## Prompt
In the material below, find each line with the word "Jacket" and list it.

## Supplied records
*** Begin section ***

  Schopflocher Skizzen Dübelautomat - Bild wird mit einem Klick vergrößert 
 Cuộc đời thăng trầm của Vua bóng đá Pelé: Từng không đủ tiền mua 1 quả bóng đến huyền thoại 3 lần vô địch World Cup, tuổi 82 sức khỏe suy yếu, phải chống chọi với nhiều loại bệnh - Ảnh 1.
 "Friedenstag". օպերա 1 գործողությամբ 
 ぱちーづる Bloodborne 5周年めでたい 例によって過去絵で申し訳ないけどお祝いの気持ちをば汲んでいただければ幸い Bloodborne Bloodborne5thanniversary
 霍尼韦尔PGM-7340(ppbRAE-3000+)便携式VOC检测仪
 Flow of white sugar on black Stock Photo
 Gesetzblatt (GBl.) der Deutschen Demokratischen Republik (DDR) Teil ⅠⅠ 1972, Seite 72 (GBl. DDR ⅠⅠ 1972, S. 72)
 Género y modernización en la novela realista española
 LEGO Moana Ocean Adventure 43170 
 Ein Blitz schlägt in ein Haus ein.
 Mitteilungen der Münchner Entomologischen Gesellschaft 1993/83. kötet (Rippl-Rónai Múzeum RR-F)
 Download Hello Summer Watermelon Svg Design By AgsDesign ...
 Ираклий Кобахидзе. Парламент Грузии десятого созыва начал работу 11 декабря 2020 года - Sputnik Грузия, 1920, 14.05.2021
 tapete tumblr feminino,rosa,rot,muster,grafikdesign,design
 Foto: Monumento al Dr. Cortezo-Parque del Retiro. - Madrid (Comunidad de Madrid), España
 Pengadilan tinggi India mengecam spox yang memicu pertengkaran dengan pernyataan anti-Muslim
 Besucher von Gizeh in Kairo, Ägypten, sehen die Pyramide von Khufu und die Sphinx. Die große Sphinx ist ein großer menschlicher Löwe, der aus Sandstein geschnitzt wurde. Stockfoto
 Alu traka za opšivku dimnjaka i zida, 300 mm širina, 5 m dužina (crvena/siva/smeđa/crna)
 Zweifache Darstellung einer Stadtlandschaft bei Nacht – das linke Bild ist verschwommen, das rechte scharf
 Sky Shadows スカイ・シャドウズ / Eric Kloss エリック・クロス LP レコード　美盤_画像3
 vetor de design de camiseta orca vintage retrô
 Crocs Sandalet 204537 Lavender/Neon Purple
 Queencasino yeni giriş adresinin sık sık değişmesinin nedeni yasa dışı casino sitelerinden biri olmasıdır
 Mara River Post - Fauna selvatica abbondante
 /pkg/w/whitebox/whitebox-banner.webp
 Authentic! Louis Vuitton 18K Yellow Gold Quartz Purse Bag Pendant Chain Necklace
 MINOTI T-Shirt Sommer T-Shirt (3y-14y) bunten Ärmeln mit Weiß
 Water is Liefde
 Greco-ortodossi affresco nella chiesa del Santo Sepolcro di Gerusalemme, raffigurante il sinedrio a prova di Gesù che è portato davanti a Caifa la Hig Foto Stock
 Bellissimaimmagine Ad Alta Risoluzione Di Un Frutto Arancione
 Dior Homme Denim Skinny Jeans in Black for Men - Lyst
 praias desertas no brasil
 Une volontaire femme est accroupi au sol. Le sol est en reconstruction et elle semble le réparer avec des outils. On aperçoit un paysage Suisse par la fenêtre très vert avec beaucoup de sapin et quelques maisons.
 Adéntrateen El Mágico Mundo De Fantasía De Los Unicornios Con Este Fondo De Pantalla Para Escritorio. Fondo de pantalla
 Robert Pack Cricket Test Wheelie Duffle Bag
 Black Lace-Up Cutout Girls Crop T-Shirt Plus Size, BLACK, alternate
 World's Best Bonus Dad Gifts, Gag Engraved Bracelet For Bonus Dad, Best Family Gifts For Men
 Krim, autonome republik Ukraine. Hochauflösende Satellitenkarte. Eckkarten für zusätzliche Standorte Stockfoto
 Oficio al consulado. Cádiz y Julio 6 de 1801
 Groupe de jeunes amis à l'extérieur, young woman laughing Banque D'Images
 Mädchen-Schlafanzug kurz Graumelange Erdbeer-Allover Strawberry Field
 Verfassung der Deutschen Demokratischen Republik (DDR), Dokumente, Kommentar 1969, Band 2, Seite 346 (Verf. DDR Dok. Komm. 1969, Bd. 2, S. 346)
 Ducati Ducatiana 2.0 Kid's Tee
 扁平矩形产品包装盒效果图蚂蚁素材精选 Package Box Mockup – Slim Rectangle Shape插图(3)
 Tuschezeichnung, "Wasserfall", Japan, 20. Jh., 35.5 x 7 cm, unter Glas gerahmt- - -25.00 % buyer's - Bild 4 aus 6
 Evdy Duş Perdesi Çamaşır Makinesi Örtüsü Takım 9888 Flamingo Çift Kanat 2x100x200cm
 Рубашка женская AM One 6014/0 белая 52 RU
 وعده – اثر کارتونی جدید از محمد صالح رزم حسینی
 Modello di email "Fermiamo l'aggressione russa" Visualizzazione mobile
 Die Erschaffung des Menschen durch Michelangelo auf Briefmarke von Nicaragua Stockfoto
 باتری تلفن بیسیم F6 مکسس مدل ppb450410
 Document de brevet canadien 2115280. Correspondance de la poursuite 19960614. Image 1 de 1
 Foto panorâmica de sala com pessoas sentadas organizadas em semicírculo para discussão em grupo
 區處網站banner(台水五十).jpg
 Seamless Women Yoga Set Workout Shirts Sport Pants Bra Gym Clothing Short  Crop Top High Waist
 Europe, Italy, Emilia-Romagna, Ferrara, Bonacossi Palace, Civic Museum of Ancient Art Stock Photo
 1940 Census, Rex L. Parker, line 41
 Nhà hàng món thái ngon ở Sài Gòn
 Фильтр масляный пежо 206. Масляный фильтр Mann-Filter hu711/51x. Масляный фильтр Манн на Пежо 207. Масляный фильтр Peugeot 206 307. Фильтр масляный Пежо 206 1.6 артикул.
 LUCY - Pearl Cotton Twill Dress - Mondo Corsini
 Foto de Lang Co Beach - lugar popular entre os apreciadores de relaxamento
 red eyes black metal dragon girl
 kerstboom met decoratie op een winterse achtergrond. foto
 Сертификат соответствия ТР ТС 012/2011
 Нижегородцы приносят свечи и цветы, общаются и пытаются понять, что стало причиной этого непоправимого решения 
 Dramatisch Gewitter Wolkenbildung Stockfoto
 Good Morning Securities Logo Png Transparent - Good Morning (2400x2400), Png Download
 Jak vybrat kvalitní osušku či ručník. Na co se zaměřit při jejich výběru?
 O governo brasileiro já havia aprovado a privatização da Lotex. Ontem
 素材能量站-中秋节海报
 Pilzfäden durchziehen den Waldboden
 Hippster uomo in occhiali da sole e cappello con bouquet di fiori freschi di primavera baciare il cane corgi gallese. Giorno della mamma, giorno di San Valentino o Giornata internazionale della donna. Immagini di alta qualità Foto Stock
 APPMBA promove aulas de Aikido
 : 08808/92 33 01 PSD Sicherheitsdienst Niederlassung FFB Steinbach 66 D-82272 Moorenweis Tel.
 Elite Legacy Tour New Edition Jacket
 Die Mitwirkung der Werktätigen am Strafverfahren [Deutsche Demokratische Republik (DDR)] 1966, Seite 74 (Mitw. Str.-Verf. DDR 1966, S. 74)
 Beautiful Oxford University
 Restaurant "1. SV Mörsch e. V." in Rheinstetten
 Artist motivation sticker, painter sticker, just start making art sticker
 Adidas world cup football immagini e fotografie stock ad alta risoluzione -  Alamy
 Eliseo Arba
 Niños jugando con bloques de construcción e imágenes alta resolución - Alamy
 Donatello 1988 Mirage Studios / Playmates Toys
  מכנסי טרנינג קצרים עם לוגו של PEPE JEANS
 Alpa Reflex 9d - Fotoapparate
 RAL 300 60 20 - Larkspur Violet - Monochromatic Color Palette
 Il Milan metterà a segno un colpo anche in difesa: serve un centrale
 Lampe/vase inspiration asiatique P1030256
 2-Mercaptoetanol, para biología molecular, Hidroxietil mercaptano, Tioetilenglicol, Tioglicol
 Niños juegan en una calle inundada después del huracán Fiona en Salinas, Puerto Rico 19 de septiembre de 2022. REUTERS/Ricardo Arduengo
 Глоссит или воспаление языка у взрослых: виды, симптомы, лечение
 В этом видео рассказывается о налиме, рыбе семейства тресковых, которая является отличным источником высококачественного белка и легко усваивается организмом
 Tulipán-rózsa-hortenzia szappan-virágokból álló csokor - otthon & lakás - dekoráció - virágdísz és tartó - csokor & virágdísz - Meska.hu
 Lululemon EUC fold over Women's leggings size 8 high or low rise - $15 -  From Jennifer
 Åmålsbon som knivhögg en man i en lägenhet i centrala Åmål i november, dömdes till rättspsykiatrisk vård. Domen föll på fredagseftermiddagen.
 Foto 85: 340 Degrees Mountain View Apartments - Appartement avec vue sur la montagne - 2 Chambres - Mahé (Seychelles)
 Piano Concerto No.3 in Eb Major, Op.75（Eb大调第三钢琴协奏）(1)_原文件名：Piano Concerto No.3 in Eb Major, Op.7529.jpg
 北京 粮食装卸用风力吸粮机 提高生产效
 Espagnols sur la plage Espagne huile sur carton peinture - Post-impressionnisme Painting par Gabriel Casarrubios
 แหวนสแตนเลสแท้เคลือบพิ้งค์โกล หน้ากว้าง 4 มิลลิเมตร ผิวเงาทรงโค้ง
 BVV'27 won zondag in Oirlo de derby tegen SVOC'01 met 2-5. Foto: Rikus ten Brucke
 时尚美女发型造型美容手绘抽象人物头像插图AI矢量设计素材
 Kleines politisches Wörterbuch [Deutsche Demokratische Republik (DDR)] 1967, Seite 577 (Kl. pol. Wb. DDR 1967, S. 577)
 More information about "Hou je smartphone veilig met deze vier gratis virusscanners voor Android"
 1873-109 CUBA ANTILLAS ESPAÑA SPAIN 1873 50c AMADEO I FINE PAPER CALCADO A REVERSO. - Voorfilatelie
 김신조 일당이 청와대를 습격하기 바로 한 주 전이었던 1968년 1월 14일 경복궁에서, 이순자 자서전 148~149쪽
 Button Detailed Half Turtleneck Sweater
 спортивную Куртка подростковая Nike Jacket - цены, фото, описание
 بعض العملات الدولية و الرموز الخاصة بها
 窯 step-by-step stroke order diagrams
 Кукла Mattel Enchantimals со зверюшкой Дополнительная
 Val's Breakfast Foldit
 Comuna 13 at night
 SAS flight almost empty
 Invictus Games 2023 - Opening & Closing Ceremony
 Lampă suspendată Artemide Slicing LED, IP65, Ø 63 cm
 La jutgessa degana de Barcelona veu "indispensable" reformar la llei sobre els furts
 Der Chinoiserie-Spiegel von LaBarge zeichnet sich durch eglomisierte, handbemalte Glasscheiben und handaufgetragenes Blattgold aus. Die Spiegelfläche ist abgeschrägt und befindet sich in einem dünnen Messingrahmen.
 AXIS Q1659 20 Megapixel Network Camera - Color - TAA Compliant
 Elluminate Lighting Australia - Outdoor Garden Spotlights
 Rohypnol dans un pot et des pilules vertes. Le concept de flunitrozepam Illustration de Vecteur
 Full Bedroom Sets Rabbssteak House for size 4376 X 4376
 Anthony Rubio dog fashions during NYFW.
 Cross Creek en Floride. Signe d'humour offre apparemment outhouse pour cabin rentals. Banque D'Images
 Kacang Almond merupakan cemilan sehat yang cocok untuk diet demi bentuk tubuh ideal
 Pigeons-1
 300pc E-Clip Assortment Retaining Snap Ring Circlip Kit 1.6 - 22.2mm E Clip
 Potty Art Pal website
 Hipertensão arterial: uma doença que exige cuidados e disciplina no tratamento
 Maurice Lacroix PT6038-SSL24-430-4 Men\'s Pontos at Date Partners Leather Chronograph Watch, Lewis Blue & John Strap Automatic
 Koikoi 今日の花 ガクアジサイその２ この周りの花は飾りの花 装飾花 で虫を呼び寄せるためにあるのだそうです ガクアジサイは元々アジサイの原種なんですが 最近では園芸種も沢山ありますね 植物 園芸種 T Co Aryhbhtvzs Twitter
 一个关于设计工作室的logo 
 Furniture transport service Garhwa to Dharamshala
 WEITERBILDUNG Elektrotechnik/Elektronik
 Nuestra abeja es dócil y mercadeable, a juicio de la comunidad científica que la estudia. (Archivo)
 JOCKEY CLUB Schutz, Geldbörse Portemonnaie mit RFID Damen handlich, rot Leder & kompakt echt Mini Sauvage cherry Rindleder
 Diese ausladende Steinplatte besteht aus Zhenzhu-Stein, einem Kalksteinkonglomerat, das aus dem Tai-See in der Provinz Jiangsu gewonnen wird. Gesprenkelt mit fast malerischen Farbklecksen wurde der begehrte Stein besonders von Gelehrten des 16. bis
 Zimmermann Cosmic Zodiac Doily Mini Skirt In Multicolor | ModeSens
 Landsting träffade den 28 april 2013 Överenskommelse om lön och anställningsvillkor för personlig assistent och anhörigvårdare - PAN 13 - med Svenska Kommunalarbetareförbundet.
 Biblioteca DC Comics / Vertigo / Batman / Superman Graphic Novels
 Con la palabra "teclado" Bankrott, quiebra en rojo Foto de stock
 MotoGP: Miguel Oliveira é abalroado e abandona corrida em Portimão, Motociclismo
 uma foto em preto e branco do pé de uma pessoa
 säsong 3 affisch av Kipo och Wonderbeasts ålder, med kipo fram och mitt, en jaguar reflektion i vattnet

*** End section ***

## The completed task
 Elite Legacy Tour New Edition Jacket
 спортивную Куртка подростковая Nike Jacket - цены, фото, описание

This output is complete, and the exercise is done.